[SOLVED] Problem during Migration with gluster filesystem.

Dark26 · May 2, 2022

Bonjour,

Everything was working fine ( almost 2 years now), But recently ( since the last update ?) i have a problem with my gluster storage.

The other day i try update a vm ( dist-upgrade inside the vm ), and during writting files --> the VM shutdown

same after a restauration from a pbs backup.

I decide to move the vm disk to a local storage ( not gluster ), i do the upgrade en everything was fine.

But when i want to move back to the storage on Gluster --> no way :


create full clone of drive scsi1 (P1_SSDinterne:170/vm-170-disk-1.qcow2)
Formatting 'gluster://10.10.5.92/SSDinterne/images/170/vm-170-disk-0.qcow2', fmt=qcow2 cluster_size=65536 extended_l2=off preallocation=metadata compression_type=zlib size=5368709120 lazy_refcounts=off refcount_bits=16
[2022-04-30 18:09:33.815373 +0000] I [io-stats.c:3706:ios_sample_buf_size_configure] 0-SSDinterne: Configure ios_sample_buf  size is 1024 because ios_sample_interval is 0
[2022-04-30 18:09:33.943578 +0000] E [MSGID: 108006] [afr-common.c:6140:__afr_handle_child_down_event] 0-SSDinterne-replicate-0: All subvolumes are down.
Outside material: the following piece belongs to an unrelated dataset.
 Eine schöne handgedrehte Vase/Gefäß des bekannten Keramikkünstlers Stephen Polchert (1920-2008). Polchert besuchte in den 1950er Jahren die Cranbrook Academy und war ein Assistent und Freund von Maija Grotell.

Going offline until at least one of them comes back up. 
[2022-04-30 18:09:43.821021 +0000] I [io-stats.c:4038:fini] 0-SSDinterne: io-stats translator unloaded
[2022-04-30 18:09:44.835240 +0000] I [io-stats.c:3706:ios_sample_buf_size_configure] 0-SSDinterne: Configure ios_sample_buf  size is 1024 because ios_sample_interval is 0
[2022-04-30 18:09:45.505523 +0000] E [MSGID: 108006] [afr-common.c:6140:__afr_handle_child_down_event] 0-SSDinterne-replicate-0: All subvolumes are down. Going offline until at least one of them comes back up. 
[2022-04-30 18:09:54.841835 +0000] I [io-stats.c:4038:fini] 0-SSDinterne: io-stats translator unloaded
transferred 0.0 B of 5.0 GiB (0.00%)
[2022-04-30 18:09:55.997707 +0000] I [io-stats.c:3706:ios_sample_buf_size_configure] 0-SSDinterne: Configure ios_sample_buf  size is 1024 because ios_sample_interval is 0
qemu-img: ../block/io.c:3118: bdrv_co_pdiscard: Assertion `max_pdiscard >= bs->bl.request_alignment' failed.
TASK ERROR: storage migration failed: copy failed: command '/usr/bin/qemu-img convert -p -n -f qcow2 -O qcow2 /Data/SSDinterne/P1_SSDinterne/images/170/vm-170-disk-1.qcow2 zeroinit:gluster://10.10.5.92/SSDinterne/images/170/vm-170-disk-0.qcow2' failed: got signal 6

after some investigation, i have the same error on the log when i was try to upgrade th vm directly on the glusterfs storage. ( bl.request_alignment' failed )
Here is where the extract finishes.